HERE WE GO: US Authorities Weigh Expansion of Emergency Lending Facility Amid Banking Crisis

US authorities are now weighing an expansion of an emergency lending facility which could help boost First Republic bank after its stock plunged more than 90% this month amid the banking crisis.

Earlier this month customers lined up at a First Republic to withdraw their cash after Silicon Valley Bank collapsed.

This is just one of the options the Federal Reserve is weighing as regulators navigate a stressed banking sector, Bloomberg News reported.

Bloomberg reported:

US authorities are considering expanding an emergency lending facility for banks in ways that would give First Republic Bank more time to shore up its balance sheet, according to people with knowledge of the situation.

Officials have yet to decide on what support they could provide First Republic, if any, and an expansion of the Federal Reserve’s offering is one of several options being weighed at this early stage. Regulators continue to grapple with two other failed lenders — Silicon Val ..

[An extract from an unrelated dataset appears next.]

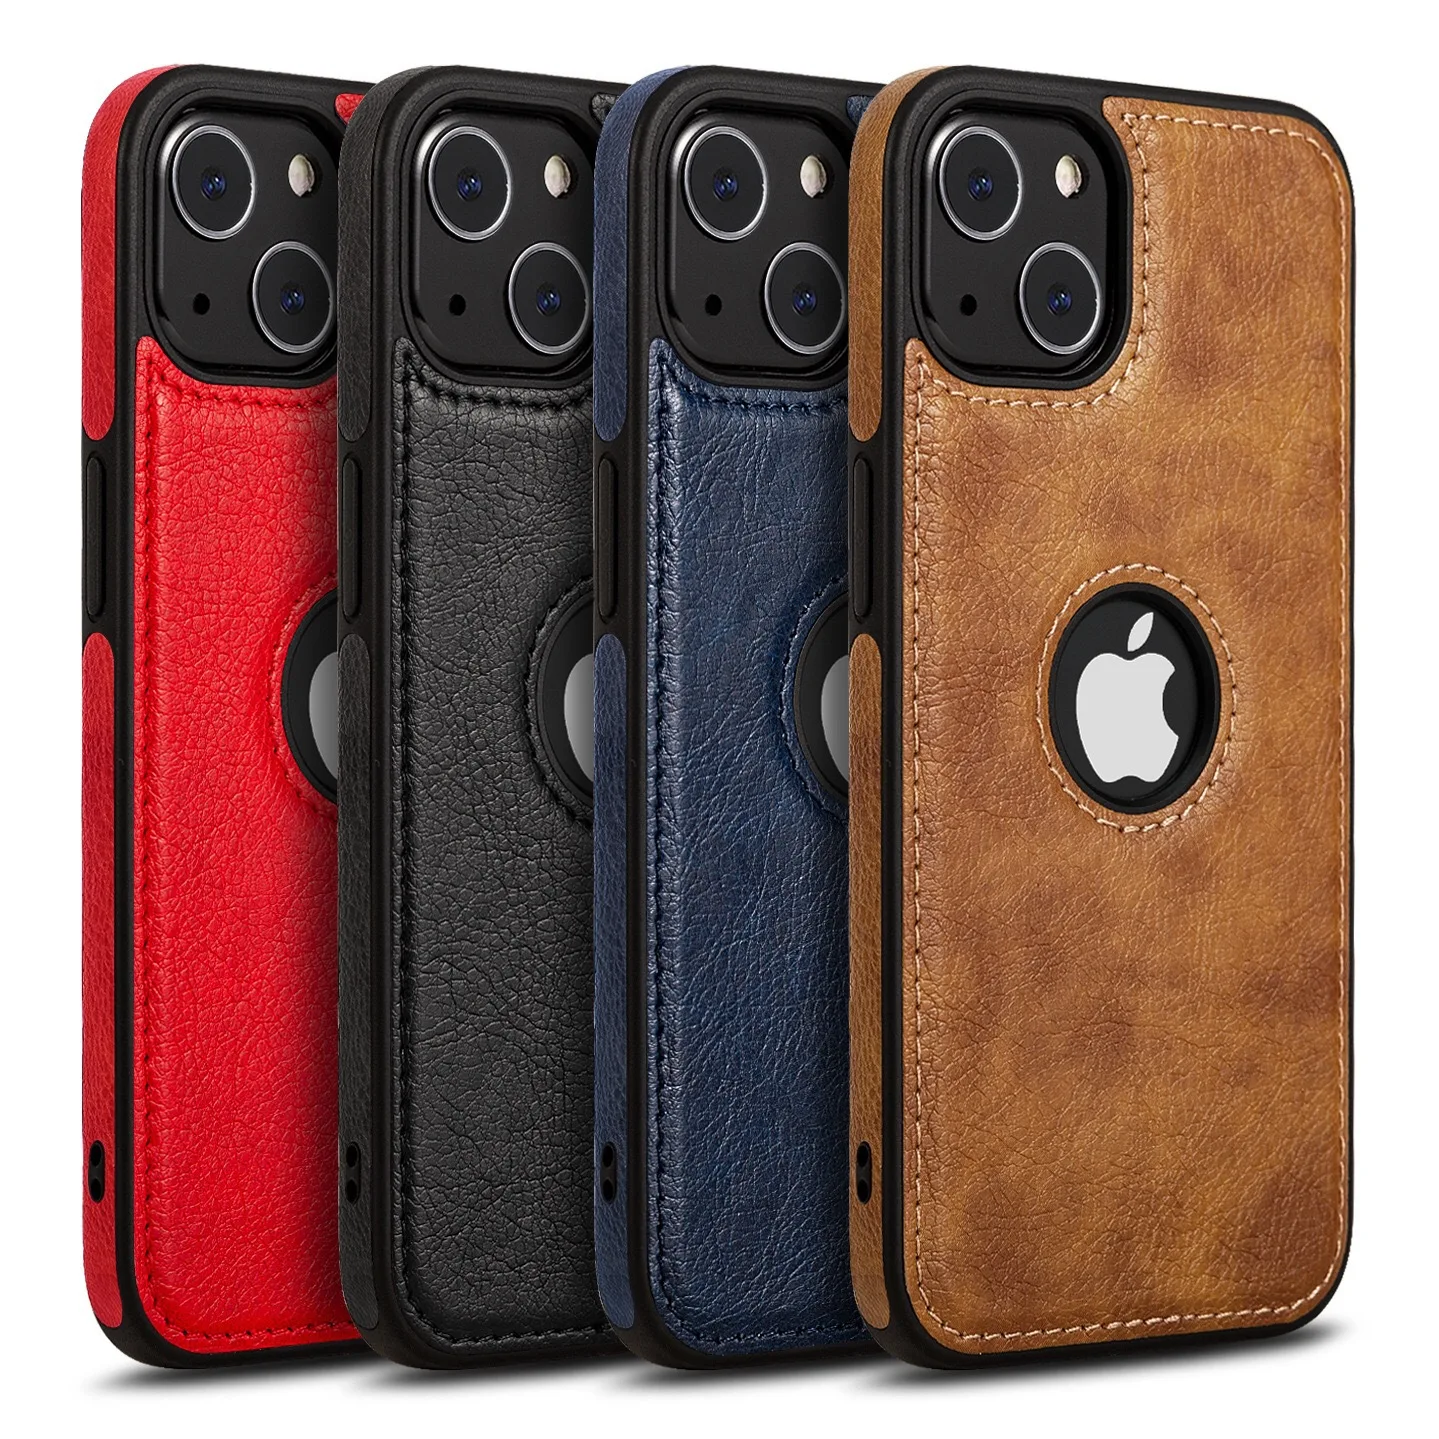 Ultra Thin Slim Leather Phone Case For iPhone 13 Pro Max 12 11 Pro Max XR X 7 8 Plus Shockproof Bumper Soft Business Back Cover case iphone 12 pro max

Even short of that step, watchdogs see First Republic as stable enough to operate without any immediate intervention as the company and its advisers try to work out a deal to shore up its balance sheet, the people said, asking not to be named discussing confidential talks.

So who gets bailed out?

According to Treasury Secretary Janet Yellen, the US government is going to pick the winners and losers.

During her testimony last week, Secretary Yellen admitted that smaller regional banks across the country will not be bailed out by the US government. Only larger banks will be bailed out like Silicon Valley Bank and their depositors from China connected to the Chinese Communist Party.

Senator James Lankford (R-OK), last week grilled Yellen on who will be bailed out by the federal government and who will not. Lankford pointed out that the Biden-Yellen plan will force Americans to take money out of smaller banks and deposit it in the chosen banks the government has deemed worthwhile of protecting.

“Will the deposits in every community bank in Oklahoma, regardless of their size, be fully insured now? Are they fully recovered? Every bank, every community bank in Oklahoma, regardless of the size of the deposit, will they get the same treatment that SVBP just got or Signature Bank just got?” Senator Lankford asked.

“A bank only gets that treatment if a majority of the FDIC board, a supermajority, a supermajority of the Fed board, and I, in consultation with the president, determine that the failure to protect uninsured depositors would create systemic risk and significant economic and financial consequences.” Yellen said.